This is a clean, scalable architecture. One agent, focused context, relevant tools loaded on demand, persistent knowledge.

But one agent has limits.


Stage 7: Teams of Agents

Some tasks are too big for one agent. Not because the model isn’t smart enough, but because:

  • Context windows are finite. A single agent working on a large codebase will eventually run out of room.
  • Sequential work is slow. One agent reading 50 files, then planning, then coding, then testing — that is a long chain.
  • Different tasks need different focus. Research requires broad exploration. Coding requires deep file-level attention. Testing requires running commands and reading output. One agent juggling all three loses focus.

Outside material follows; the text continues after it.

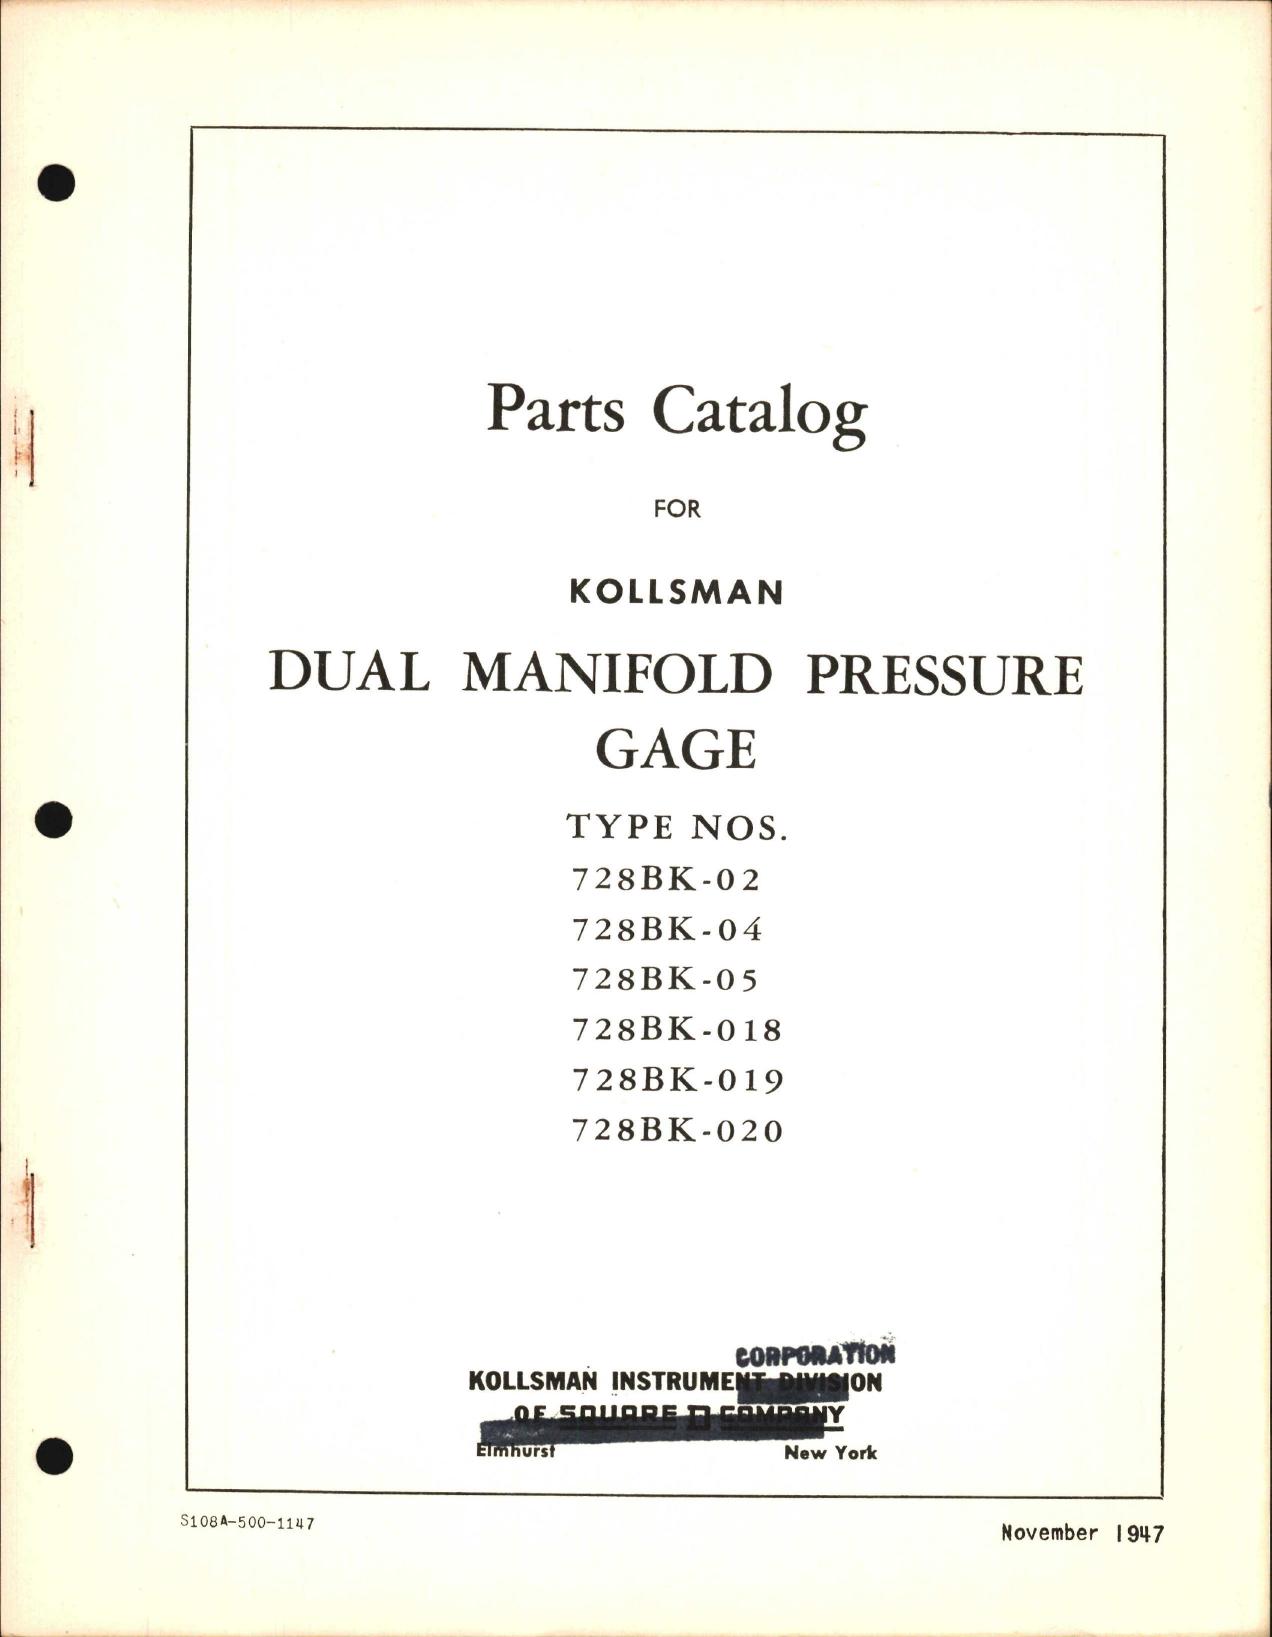 Sample page 1 from AirCorps Library document: Parts Catalog for Kollsman Dual Manifold Pressure Gage

The answer: teams of agents, each with their own context window, their own memory, and their own skills.

A typical team might look like:

AgentRoleSkills
LeadCoordinates work, synthesizes resultsTask management, messaging
ResearcherExplores the codebase, reads docsSearch, web browsing
CoderWrites and edits codeFile editing, code generation
TesterRuns tests, reports resultsTest execution, log analysis

Each agent runs as an independent process. They don’t share a context window. They each start clean and focused on their assigned task.

But this creates a new problem: how do they talk to each other?


Stage 8: The Communication Problem

The moment you have multiple agents, you need answers to hard questions:

  • How does Agent A tell Agent B what to do?
  • How does Agent B report results back?
  • How do they avoid stepping on each other’s work?
  • How does the team know when everything is done?

Different systems answer these questions differently. Here are the main approaches that exist today.

Approach 1: Shared Conversation Thread

Used by: Microsoft AutoGen

The simplest model. All agents share one message thread. Every agent can see what every other agent has said. A selector (either round-robin or model-based) picks who speaks next.

Agent A: "I found the bug in auth.py line 42."
Agent B: "I'll write a fix."
Agent C: "I'll write a test for the fix."

Pros: Simple. Full visibility. Easy to debug.

Cons: Context grows fast. With 5 agents and 100 messages, every agent carries the full conversation — even the parts that don’t concern it. Expensive and wasteful at scale.

Approach 2: LLM-Driven Delegation

Used by: CrewAI

Agents don’t share a thread. Instead, when Agent A needs help, it uses a delegation tool — essentially asking the LLM to compose a message to a specific teammate.

Agent A calls: delegate_work(task="fix the bug", coworker="Coder", context="bug is in auth.py line 42")

The framework routes this to the Coder agent, which works on it and returns a result.

Pros: Natural. Agents decide when and what to delegate.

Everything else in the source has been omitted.